- Coat of arms of the Earls of Warwick
- Born: c. 1120
- Died: died before 1184
- Noble family: Warenne
- Spouses: Roger, earl of Warwick William of Lancaster
- Issue: William, earl of Warwick Waleran, earl of Warwick Agnes, married Geoffrey II de Clinton Gundreda, married Hugh Bigod, earl of Norfolk Henry of Warwick
- Father: William II, earl Warenne
- Mother: Isabel of Vermandois

= Gundreda de Warenne =

Anglo-Norman noblewoman

Gundreda de Warenne, Countess of Warwick (died before 1184) was an English noblewoman, the wife of Earl Roger (died 1153). She was the daughter and eldest child of William II, earl Warenne by the Capetian princess Isabel of Vermandois (died c. 1140) daughter of Count Hugh the Great of Vermandois and niece of King Philip I of France. On the death of her first husband Count Robert of Meulan and Leicester in 1118 Isabel promptly married Earl William II de Warenne (died 1138) and since Gundreda had an infant daughter by 1138 it is most likely she was the eldest child of the marriage. The Flemish name Gundreda was given her in recollection of her father's mother Gundreda de Warenne (died 1085).

==Marriages==
Gundreda was married in or around 1136 to Earl Roger, who was 1st cousin of her half-brother, Count Waleran II of Meulan. The marriage tied Earl Roger into the Beaumont clique dominant at the court of Stephen, King of England between 1135 and 1141. For Waleran the marriage helped secure his position in the English west midlands where the king had made him earl of Worcester. In 1138 Gundreda's infant daughter Agnes was similarly employed to settle a local war in Warwickshire by a marriage to Earl Roger's rebel vassal, Geoffrey II de Clinton of Kenilworth, in a deal ironed out by Gundreda's father, Earl William. There are indications that Gundreda was dominant in her husband's council, occupying a leading place in his charters and notoriously forcing his change of side in 1153 to support Henry Plantagenet and abandon King Stephen by conspiring to surrender Warwick Castle to the Angevin party, a manoeuvre that is said to have caused the loyalist Earl Roger's death by a seizure when he heard of it.
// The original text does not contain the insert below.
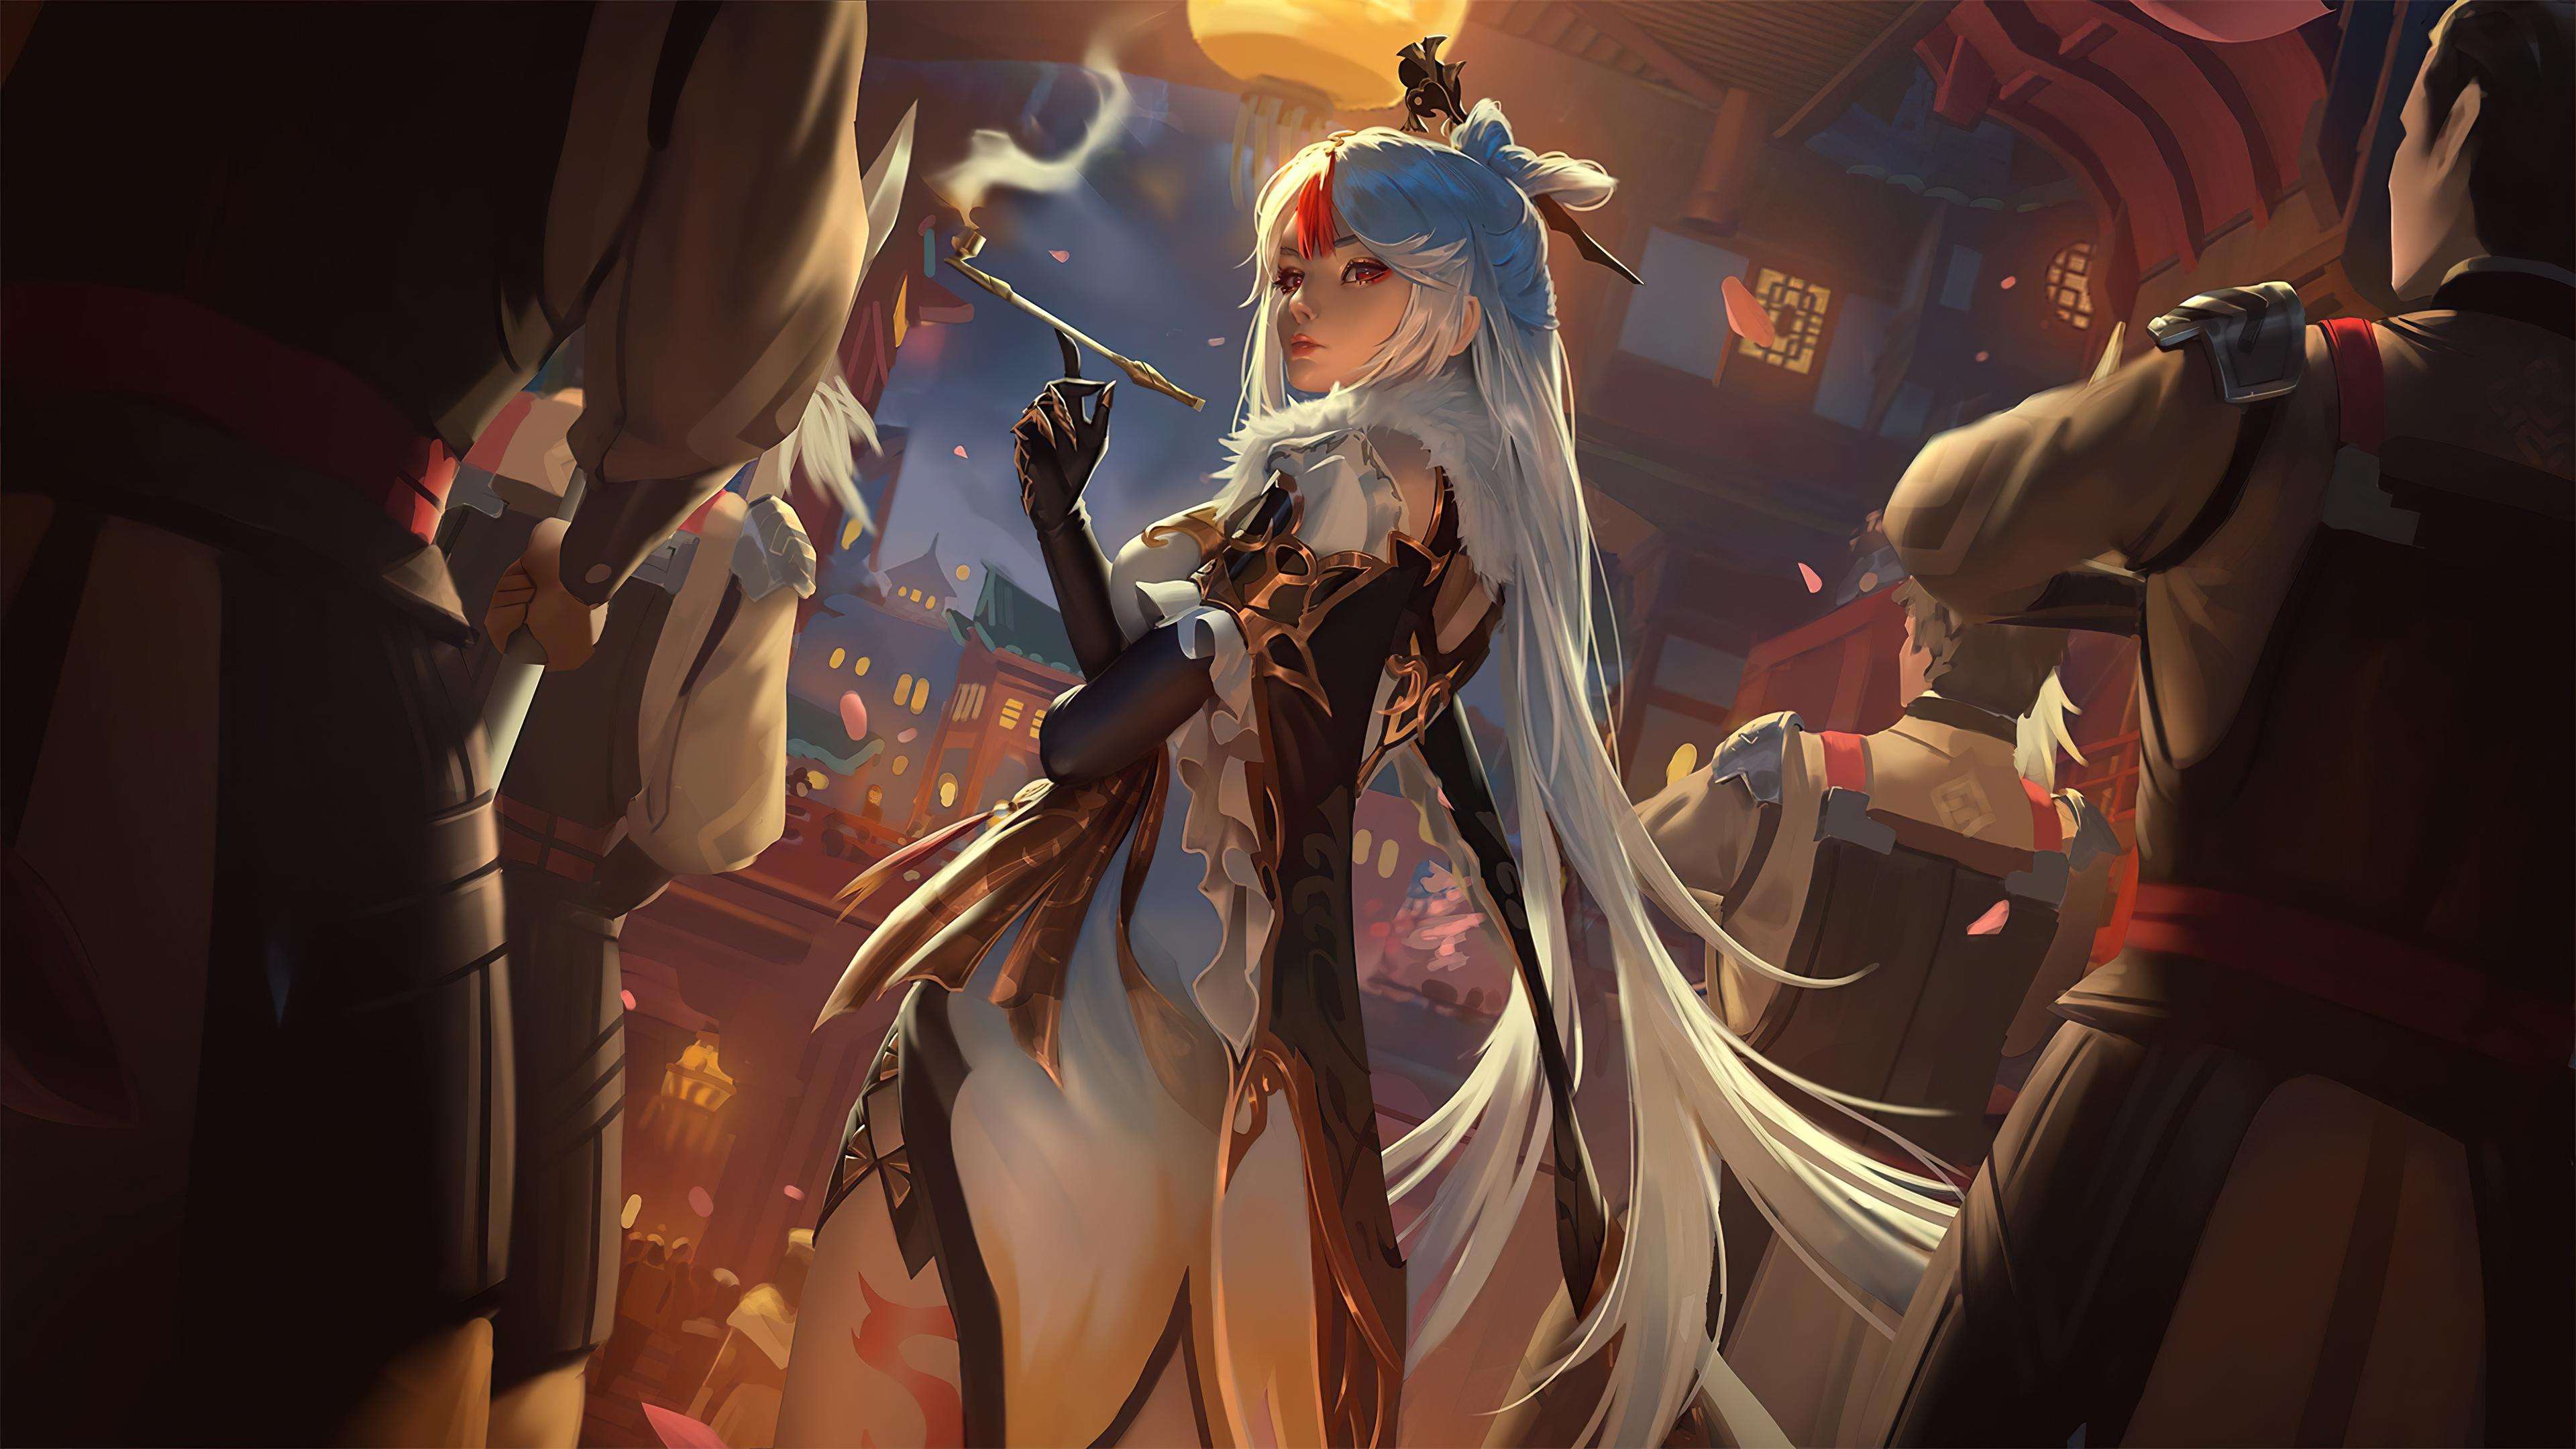 Ningguang From Genshin Impact 4k, HD Games, 4k Wallpapers ...

Gundreda made a second marriage to William of Lancaster, lord of Kendal who died in or soon before 1170. She seems to have returned to Warwickshire after his death.

==Death==
Gundreda had an appropriately considerable dower out of the estates of the earldom of four large manors in Warwickshire and Rutland. She was still alive when her son Earl William married in 1175 but predeceased him, for her dower manors had reverted to the earldom before William's death in 1184.

==Sources==
- Cokayne, George E. (1945). "The New Complete Peerage"
- The Newburgh Earldom of Warwick and its Charters, 1088–1253 ed. David Crouch and Richard Dace (Dugdale Society, 48, 2015).
- Crouch, David "Geoffrey de Clinton and Roger, Earl of Warwick: New Men and Magnates in the Reign of Henry I", Bulletin of the Institute of Historical Research, lv (1982), pp. 113–124.